Dans l’œuvre : le secret gravé d’Arnaldo Pomodoro
🇫🇷 Dans l’œuvre : le secret gravé d’Arnaldo Pomodoro
Il y a des artistes qui ajoutent, et d’autres qui retirent. Arnaldo Pomodoro faisait les deux : il construisait des mondes et les brisait, laissant entrevoir ce que cache la matière.
Son nom évoque l’or du bronze, la coupe nette qui traverse la surface, la forme géométrique qui s’ouvre comme si elle contenait un secret. Mais Pomodoro ne cherchait pas l’énigme : il cherchait la vérité. Celle qui se dissimule sous le vernis des choses, au-delà des apparences polies du temps.
Né au cœur de la Romagne rurale, dans une Italie encore floue, Pomodoro grandit entre artisanat et imagination. Il se tourne vers l’art en autodidacte, en commençant par la joaillerie, avant de tomber amoureux de la sculpture comme langage total. Son geste artistique n’était jamais décoratif : c’était une blessure ouverte dans le silence.
Couper pour comprendre
Ses célèbres sphères ne représentent pas des mondes parfaits. Ce sont des coquilles fendues, des coffres mécaniques, des métaphores de notre époque. Leur surface lisse s’ouvre, révélant un intérieur qui semble vivant — parfois fragile, parfois menaçant. Ce ne sont pas de simples sculptures, mais des anatomies du monde, qui dissèquent l’ordre apparent pour montrer que même l’harmonie a besoin de brisure pour exister.

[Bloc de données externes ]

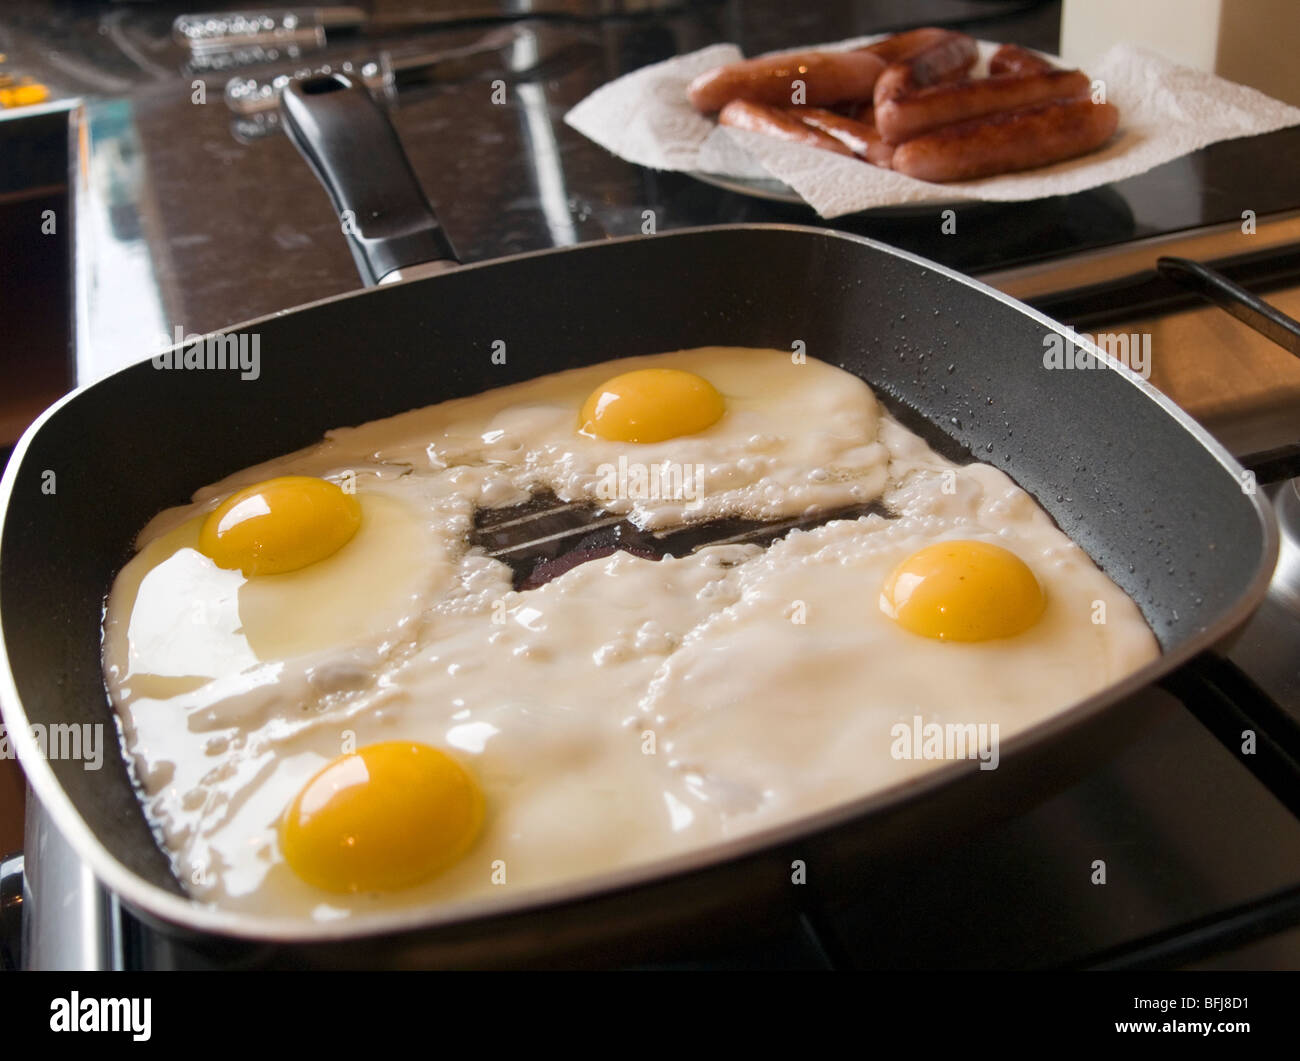 https://c8.alamy.com/comp/BFJ8D1/a-pan-of-fried-eggs-BFJ8D1.jpg

Avec la force tranquille d’un maître, Pomodoro sculptait le métal comme on écrit. Ses entailles parlent. Chaque œuvre est un texte tridimensionnel, à lire avec les yeux et à comprendre avec le corps.
L’art comme territoire
Ses œuvres n’ont jamais été faites pour rester enfermées dans un musée. Elles respirent à l’extérieur, dans les lieux de passage, de mouvement, de vie. Ses colonnes, ses disques, ses formes monumentales semblent des architectures d’un futur ancien, venues sur Terre pour nous faire réfléchir.
Pomodoro n’a jamais craint la monumentalité, mais il l’a rendue intime, humaine, lisible. Pas étonnant que beaucoup de ses créations vivent aujourd’hui dans les espaces publics, parmi les gens, sous la lumière du soleil — là où l’art respire avec le monde.
Au-delà de l’artiste
Au fil des années, il a fondé un lieu — non seulement physique, mais aussi idéel — pour préserver et transmettre sa pensée : un espace où la sculpture devient dialogue, éducation, provocation culturelle. Pomodoro a toujours cru que l’art devait servir, pas seulement orner.
Et maintenant que sa main s’est arrêtée, ses œuvres continuent de parler. Elles ne demandent pas à être comprises : elles demandent à être ressenties, approchées, regardées au-delà de la surface. Elles nous demandent, en somme, d’être curieux. Comme il l’a été, jusqu’à son dernier souffle.